A torre vem trazer mais segurança, qualidade e conforto para o paciente.

Gilberto Bastiani, gestor hospitalar do Hospital Azambuja.
Torre em construção no Hospital Azambuja. Foto: Mariana Beuting/O Município

Em obras desde 2023, a inauguração, prevista anteriormente para abril de 2026, agora tem expectativa de entrega até junho.

“Nosso objetivo é que a população fique cada vez mais próxima da sua residência para realizar os procedimentos de saúde, que não precise se deslocar para fora. A torre vem trazer mais segurança, qualidade e conforto para o paciente”, finalizou o gestor.

Foco para 2026

Gilberto destacou que o foco atual do hospital é finalizar a nova torre o quanto antes, para proporcionar mais espaço e concentrar os atendimentos. Outra demanda da organização é a reforma e ampliação do Pronto-Socorro, ambulatórios e centro de imagem. “Com o aumento dos atendimentos, a gente precisa aumentar a estrutura também”, completou.

Há planos de realocar áreas de serviço, como cozinha e rouparia, para uma área externa do hospital, além de construir mais consultórios e salas para atendimentos de saúde nos espaços atualmente ocupados por setores que não são diretamente produtivos para o atendimento à população. Além disso, a equipe planeja adquirir e inaugurar novos equipamentos tecnológicos para o avanço dos atendimentos em todas as áreas do hospital.

Foto: Mariana Beuting/O Município

A atual diretoria do Hospital está designada para permanecer até 2027. Novos diretores ou membros são definidos em decisão conjunta de um conselho, composto por representantes do Hospital Azambuja e da Mitra, que representa a Igreja Católica. “Temos sempre a participação religiosa dentro do hospital, tanto na diretoria como no apoio aos pacientes. É muito importante essa ligação”, disse o gestor.

Tecnologia

Em 2025, com apoio interno dos provedores do Hospital Azambuja, um robô cirúrgico avaliado em R$ 13 milhões foi inaugurado. O equipamento, considerado hoje a mais alta tecnologia do mercado, já realizou mais de 100 cirurgias robóticas minimamente invasivas.

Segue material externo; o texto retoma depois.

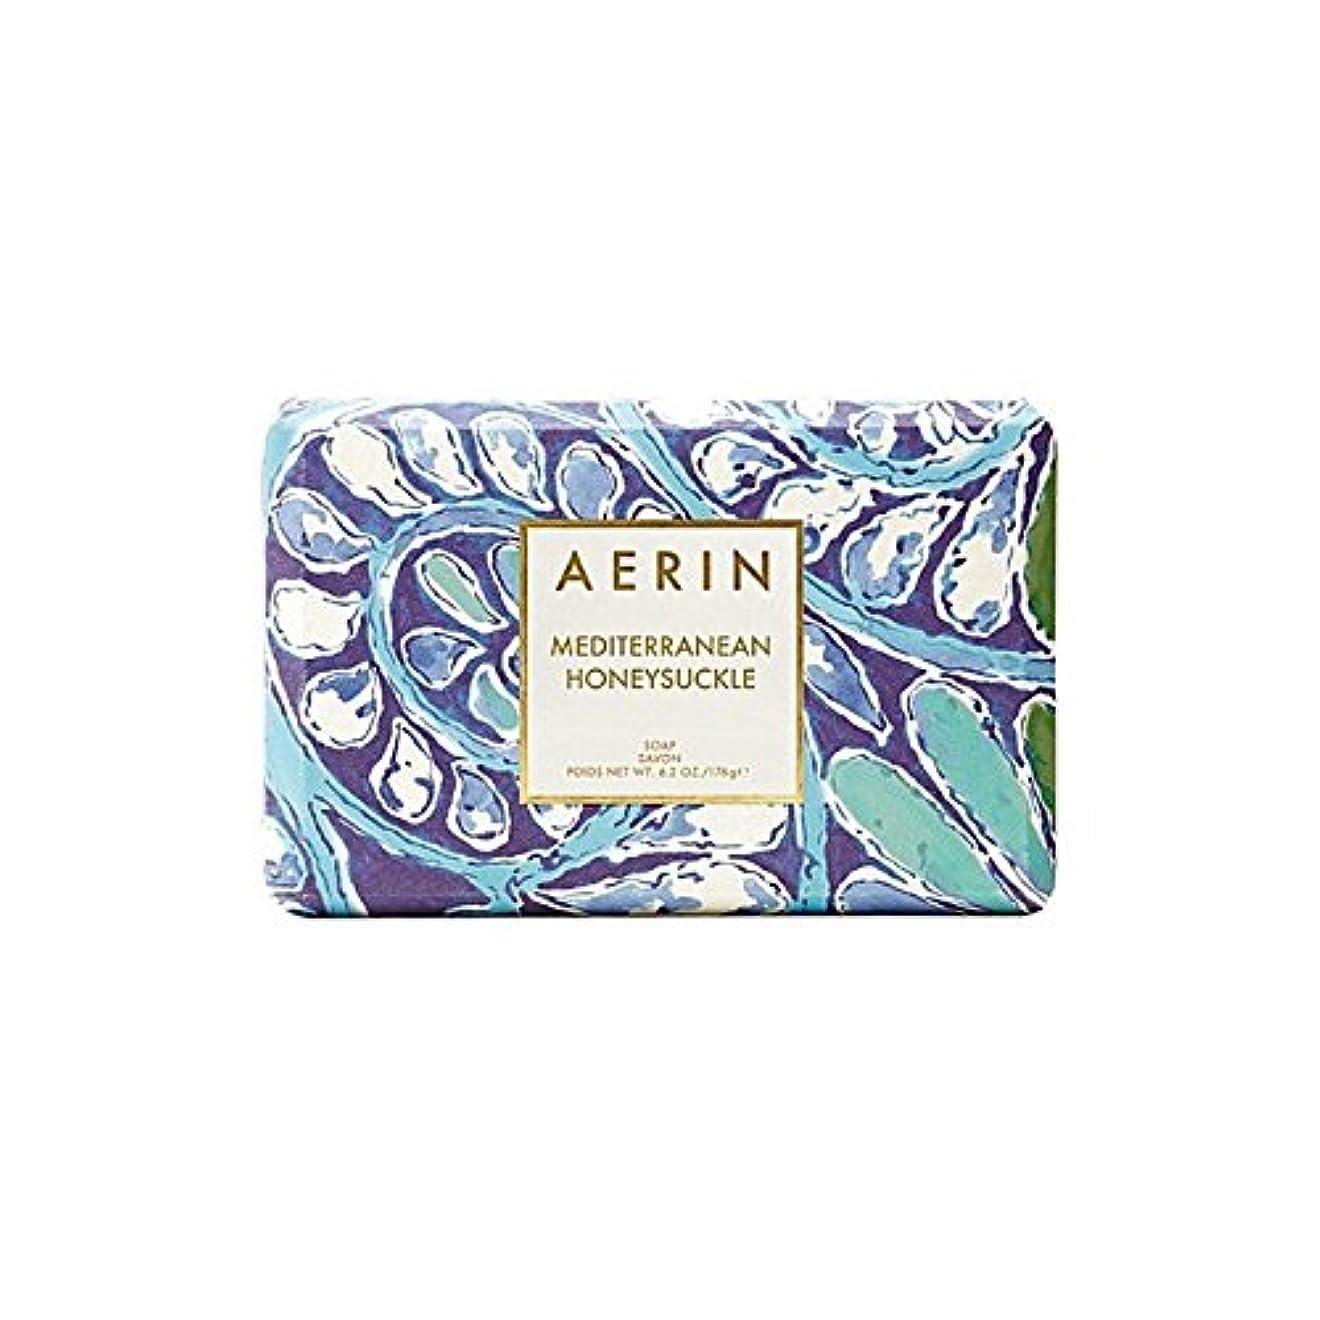 過激派気を散らす野なスイカズラ固形石鹸176グラム x2 - Aerin Mediterrenean Honeysuckle Bar Soap 176G (Pack of 2) [並行輸入品]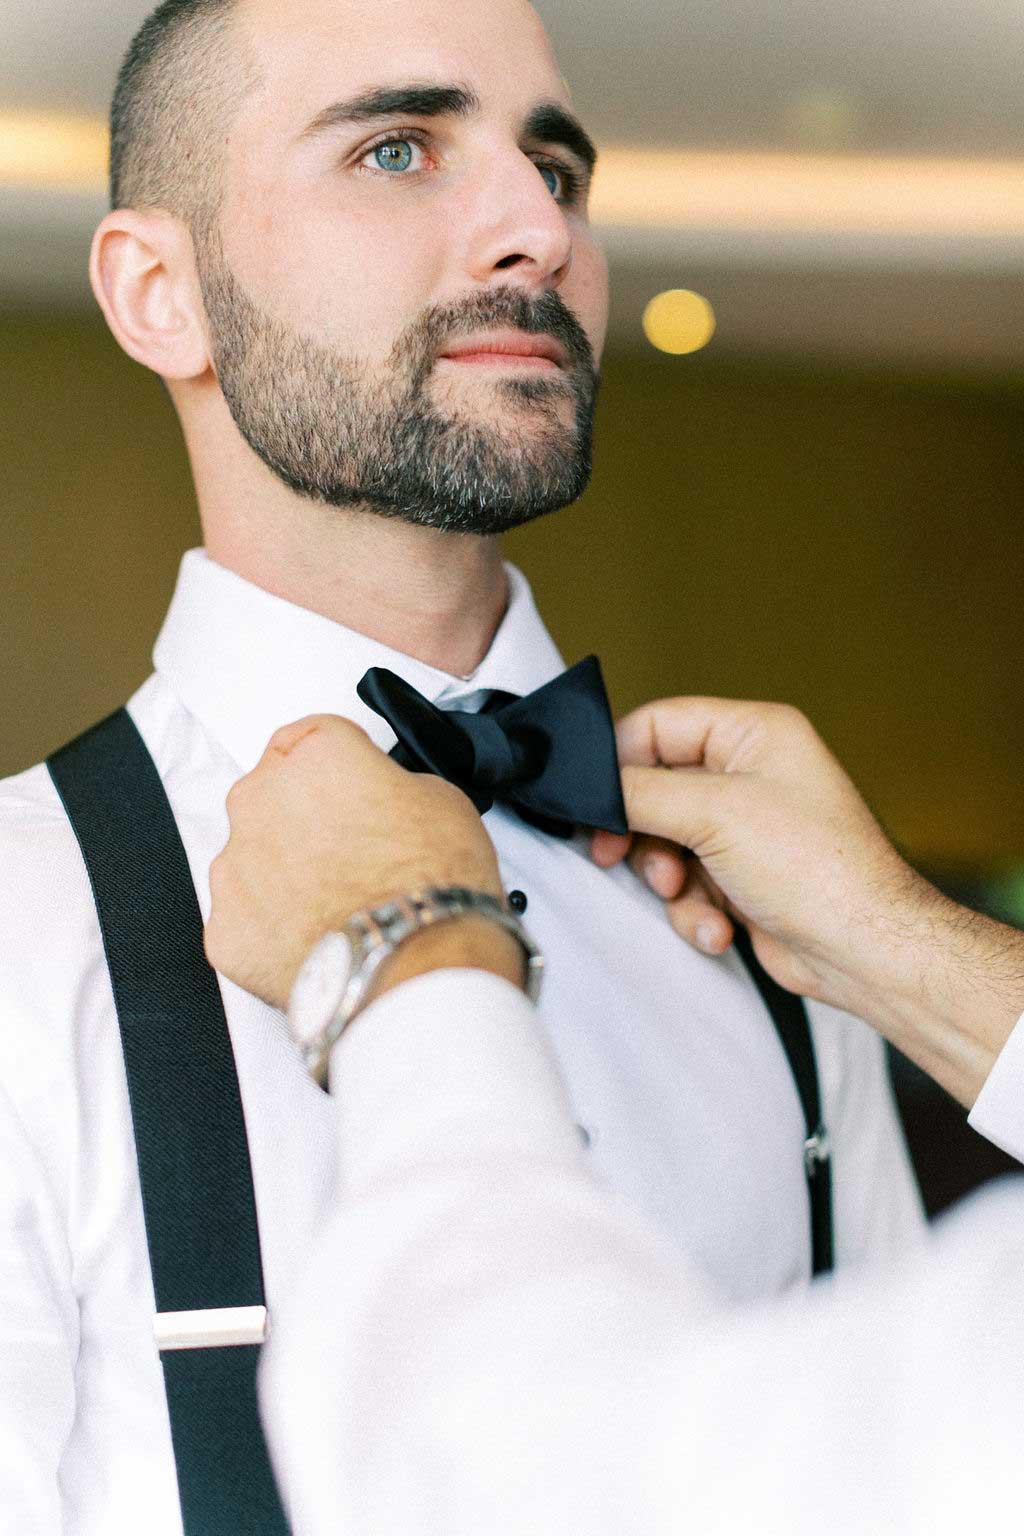 Groomsman fixes groom's bowtie

O Hospital Azambuja está na contramão da crise.

Eugênio José Paiva, diretor técnico e chefe da UTI

Atualmente, o serviço é realizado apenas de forma particular ou por meio de convênios, mas, segundo o gestor Gilberto, já há conversas com a Secretaria de Saúde do estado para que o robô também possa ser utilizado em atendimentos pelo SUS.

“A cirurgia robótica é menos invasiva, tendo menos complicação e um prognóstico melhor. O robô faz parte da evolução da medicina e nós partimos na frente com a ideia de oferecer esse serviço de alta tecnologia”, compartilhou o médico Eugênio José Paiva, diretor técnico e chefe da UTI. O Hospital Azambuja foi o primeiro hospital filantrópico de Santa Catarina a adquirir o robô.

“O Azambuja está na contramão da crise. Quem convive com esse hospital sabe o grande avanço que temos. Estamos sempre preocupados em crescer”, finalizou o médico.